A war with North Korea would be unthinkable if it ever came to pass. Seoul would be flattened by North Korean artillery batteries. Pyongyang would be like Berlin, circa 1945. Millions of North Korean refugees would stream towards China. The Japanese would be taking to bomb shelters. Millions of people would potentially die. And the global economy would be severely impacted. Sorry John Boltons of the world, but outside on an attack on the United States or its allies, war is no option at all.

A Return to Isolation and Sanctions?

The Trump administration could turn to sanctions again, enacting more economic restrictions in the hope that a tighter squeeze on Kim’s bank account would compel him to come back to negotiations in a weaker position. If the talks fail, then Congress would be itching to pass additional secondary sanctions on Pyongyang and may even press the White House to slap penalties on large Chinese banks for so much as having a tentacle in the North Korean economy.

We all like to believe that the United States holds such a dominant position in the international financial system that it can coerce regimes into doing what they wouldn’t ordinarily do. But the Kim regime has shown time and again how fanciful this assumption has been. The North Koreans are masters at sanctions evasion, devising ever-creative ways to make cash and send it back to the homeland. Illicit ship-to-ship oil and coal transfers in the waters of the Pacific Ocean; the use of shell companies, subsidiaries, and middlemen; the conversion of embassies into makeshift businesses; arms smuggling; and hacking of overseas banks have all poked holes in the U.N. Security Council sanctions architecture. UN monitors recently assessed the sanctions on Pyongyang as “ineffective.”

Then there is the China angle. As long as Beijing isn’t willing to cooperate, is inconsistent on implementation, or pleads ignorance as cross-border trade continues, Kim will likely make enough money to satisfy the elites and keep his regime in business.

Kill Them with Kindness?

U.S. policy has directly linked denuclearization with normalization. If Kim Jong-un doesn’t hand over his nuclear warheads, destroy his centrifuges, dismantles his plutonium facilities, and quash his missile program, then Pyongyang will be prohibited from enjoying a warm and cozy relationship with the United States or its neighbors.

Trump, however, is an unconventional president. Deep down, it’s possible he may not care about North Korean nukes as much as he cares about being remembered in the history books as a president who achieved something big on North Korea.
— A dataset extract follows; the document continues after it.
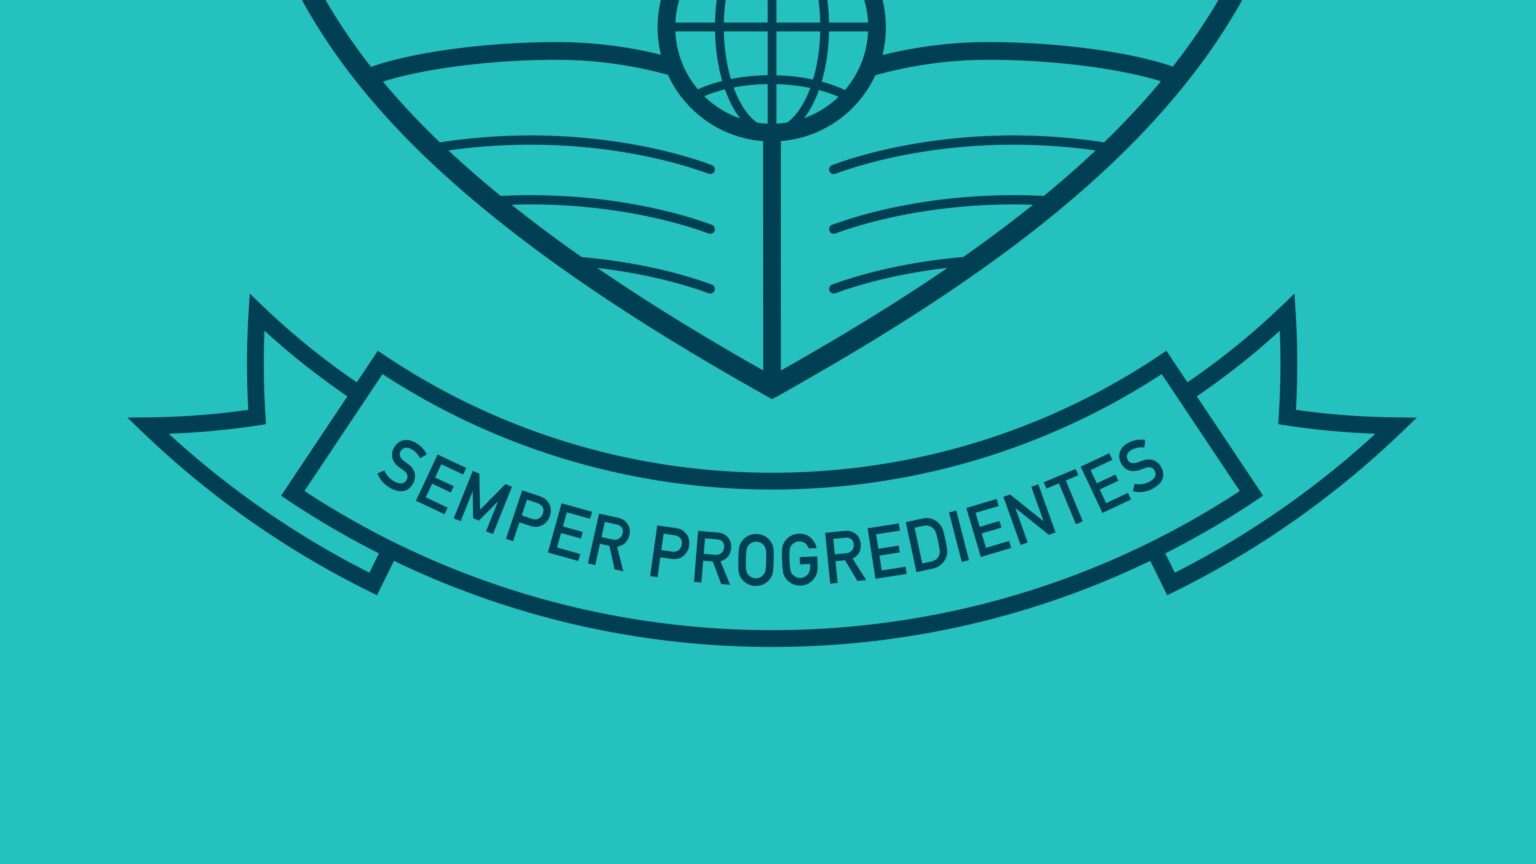 Zoomed in view of the Edinburgh Surgery Online logo on a teal background.

This could conceivably include declaring the Korean War over, signing a peace declaration with the North, facilitating inter-Korean economic projects, establishing liaison offices, and transforming the bilateral relationship into something more than one of never-ending animosity.
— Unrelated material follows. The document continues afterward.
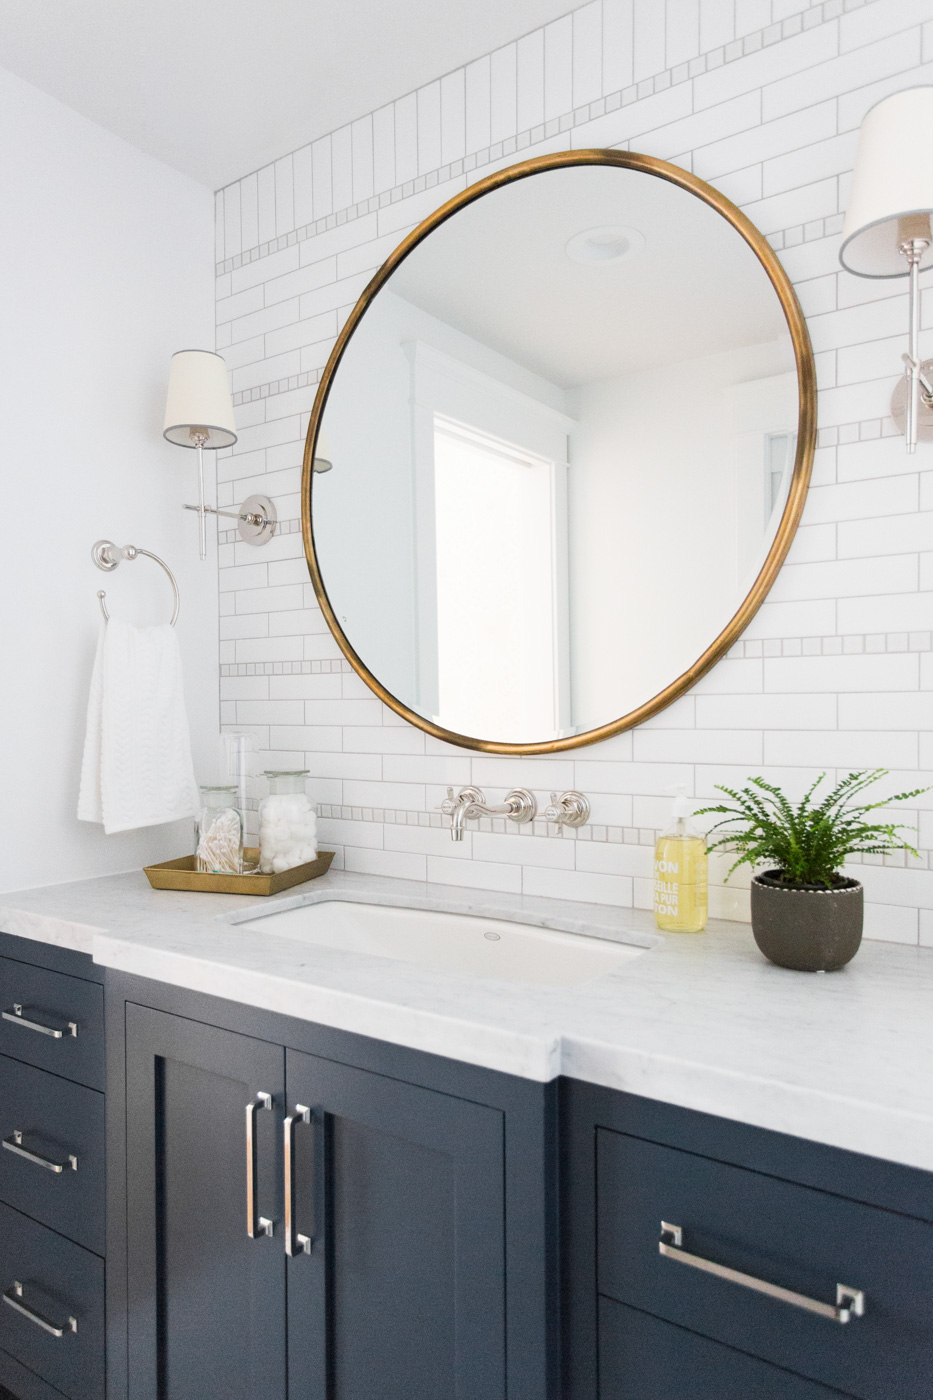 Bathroom Mirrors Are Going Full Circle, Bathroom Vanity Light With Round Mirror

Kim would still have his nuclear weapons. But as long as he doesn’t use them (and given that he cares about himself more than anything else, he likely wouldn’t), tensions would be irrevocably reduced and the Korean Peninsula would enter into an era of more normality. Perhaps after a decade of experiencing the monetary windfalls and security attached to being a full member of the international community, Kim may decide that maintaining a nuclear weapons infrastructure no longer necessary for his country’s defense.